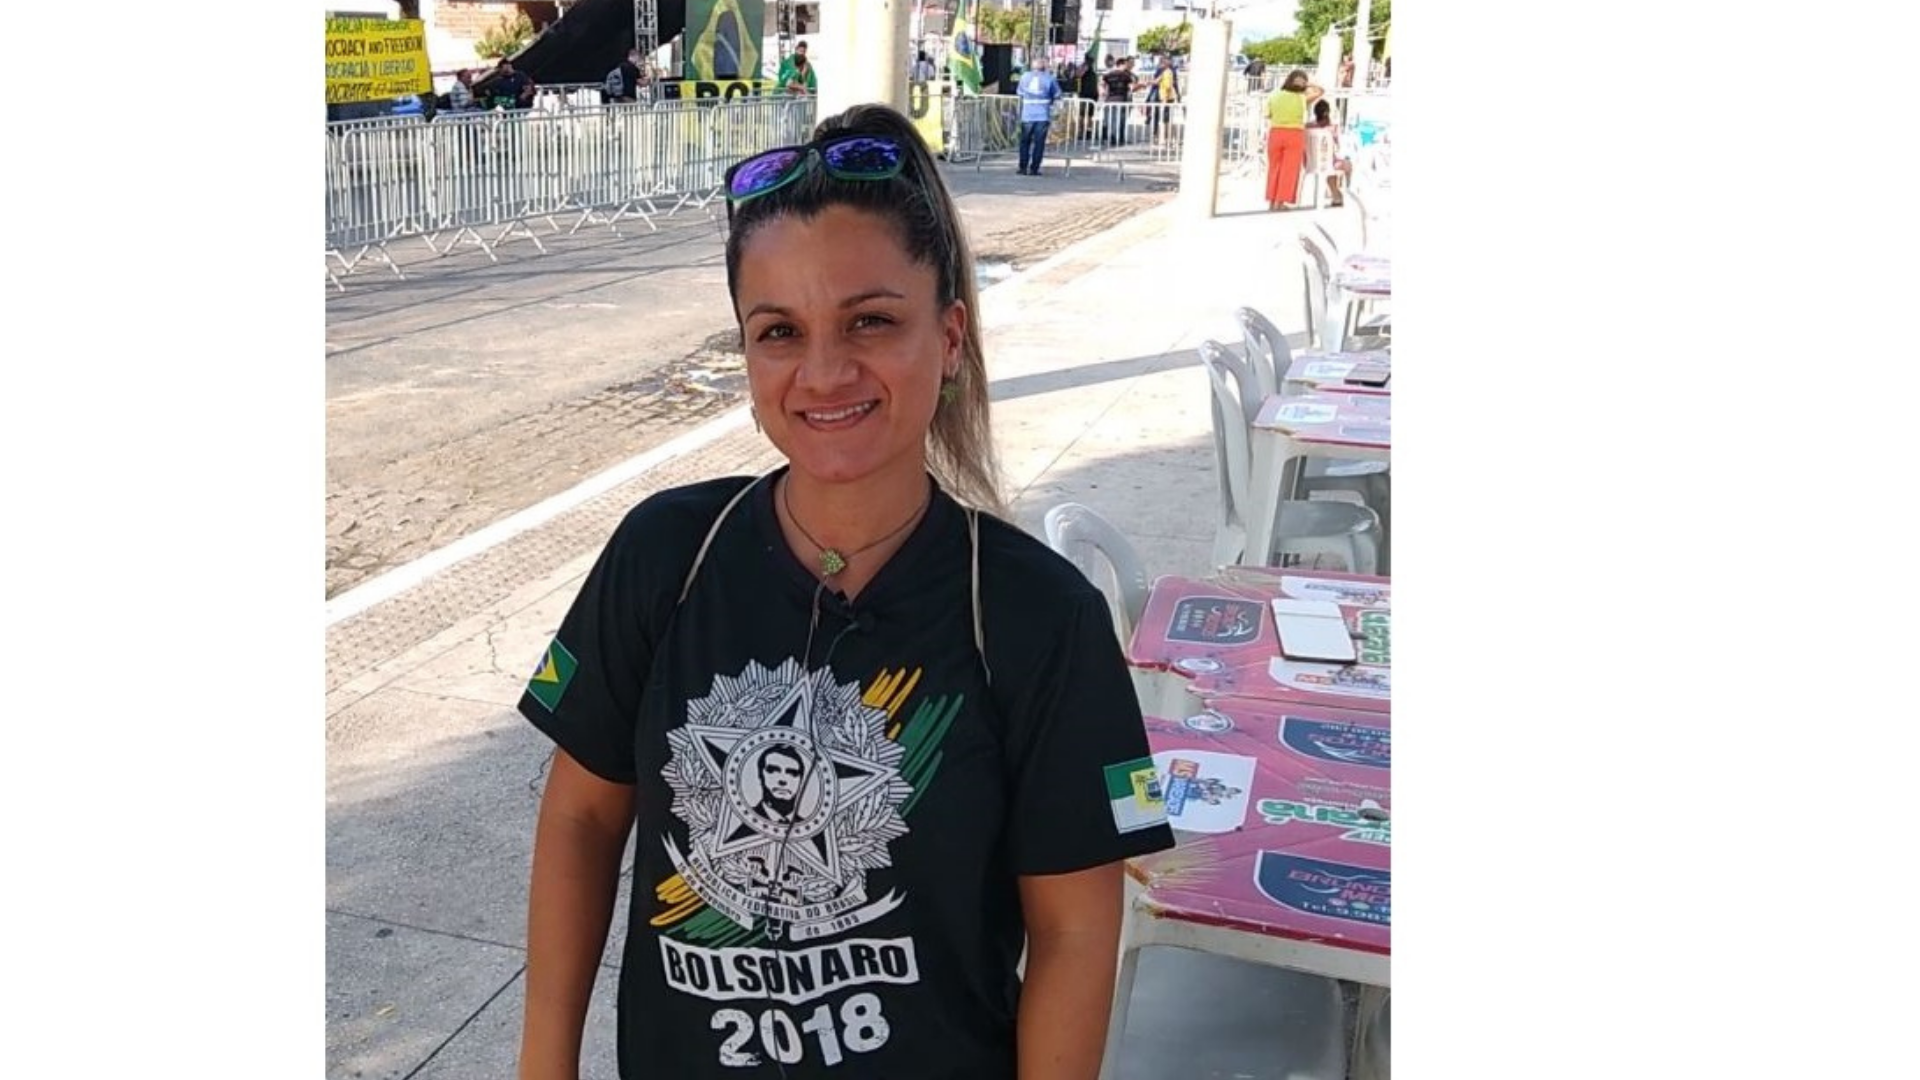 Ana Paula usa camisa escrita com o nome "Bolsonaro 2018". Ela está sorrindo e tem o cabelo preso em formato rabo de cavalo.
...
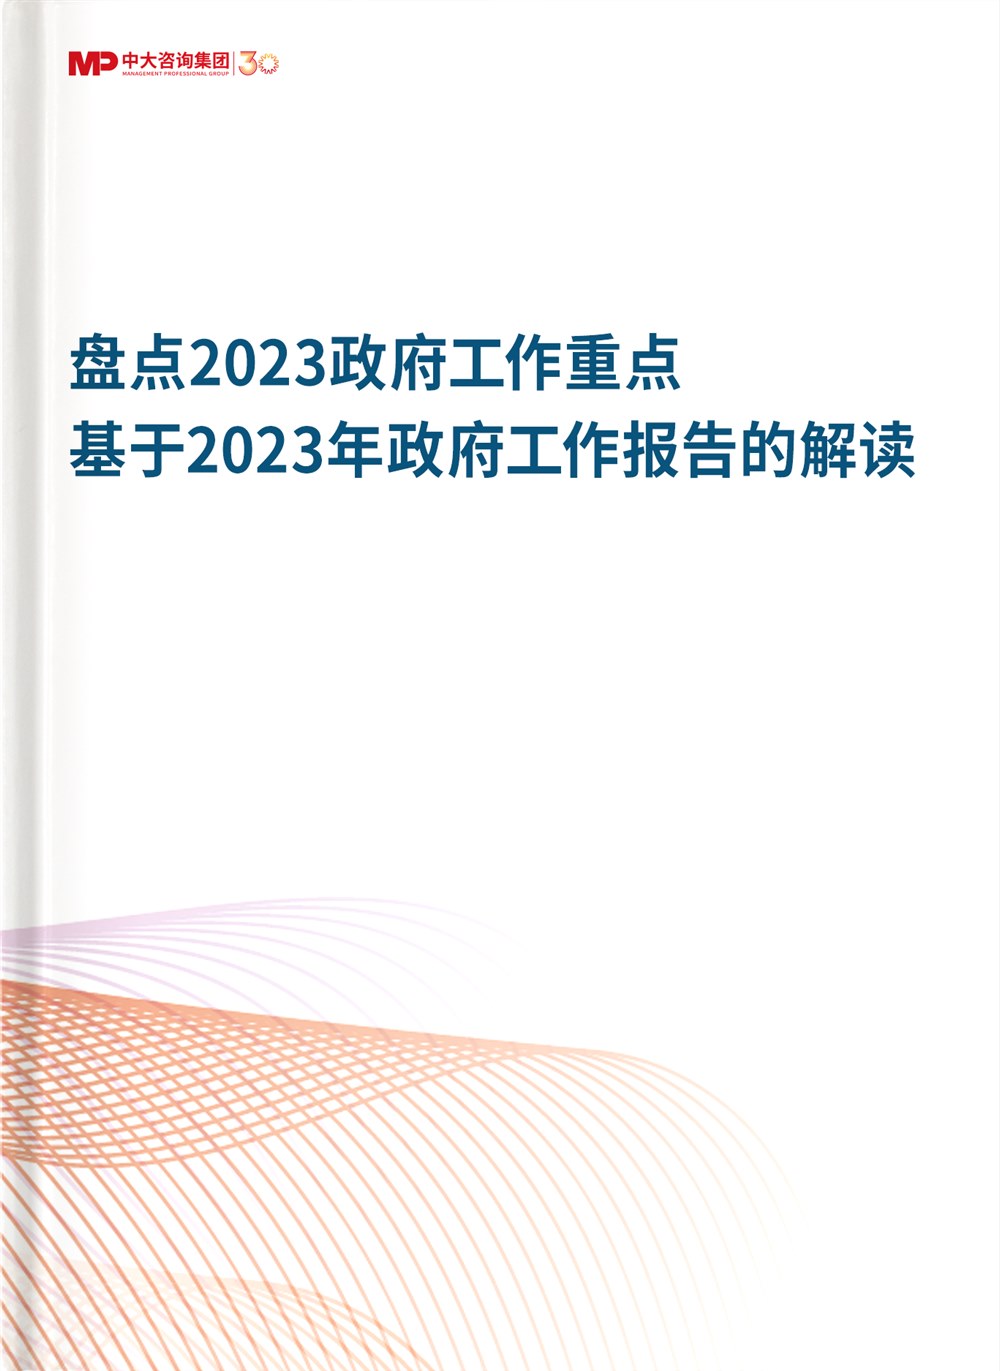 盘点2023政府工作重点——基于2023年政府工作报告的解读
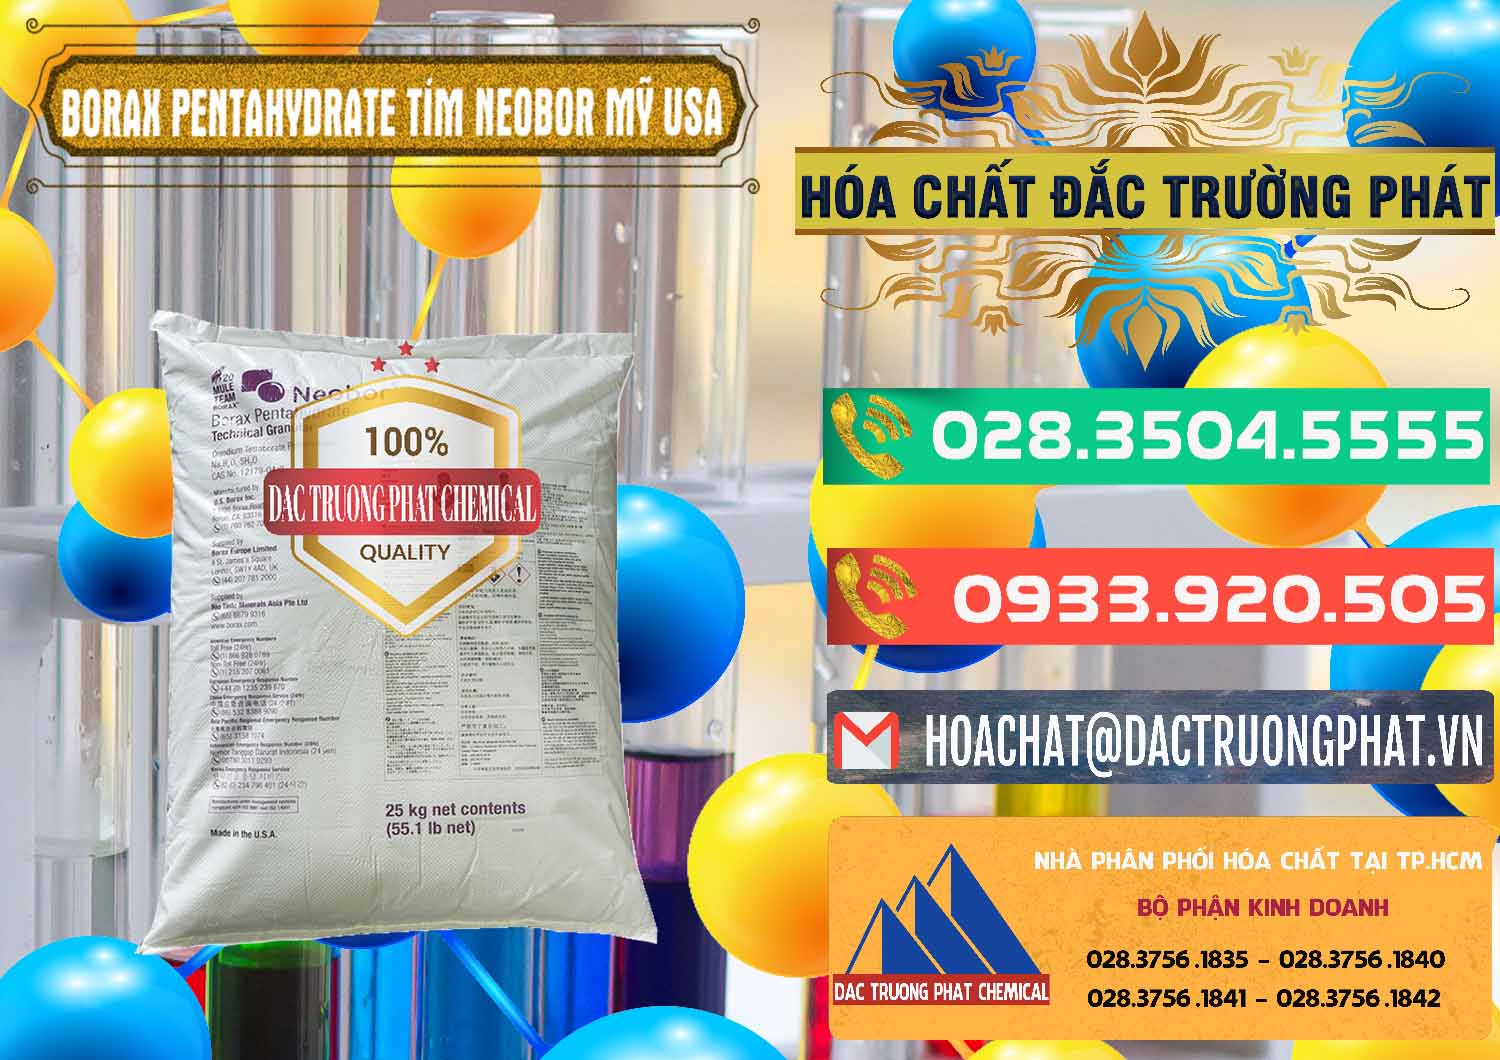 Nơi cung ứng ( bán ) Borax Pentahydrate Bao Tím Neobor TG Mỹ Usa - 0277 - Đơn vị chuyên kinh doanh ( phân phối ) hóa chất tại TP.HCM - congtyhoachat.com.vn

## ABOUT THIS EXERCISE
Lines from the one above containing "盘点2023政府工作重点——基于2023年政府工作报告的解读" down to the one containing "Nơi cung ứng" should be transcribed exactly, with both ends kept and no pictures.

## SOLUTION TO THE EXERCISE
 盘点2023政府工作重点——基于2023年政府工作报告的解读
 Nơi cung ứng ( bán ) Borax Pentahydrate Bao Tím Neobor TG Mỹ Usa - 0277 - Đơn vị chuyên kinh doanh ( phân phối ) hóa chất tại TP.HCM - congtyhoachat.com.vn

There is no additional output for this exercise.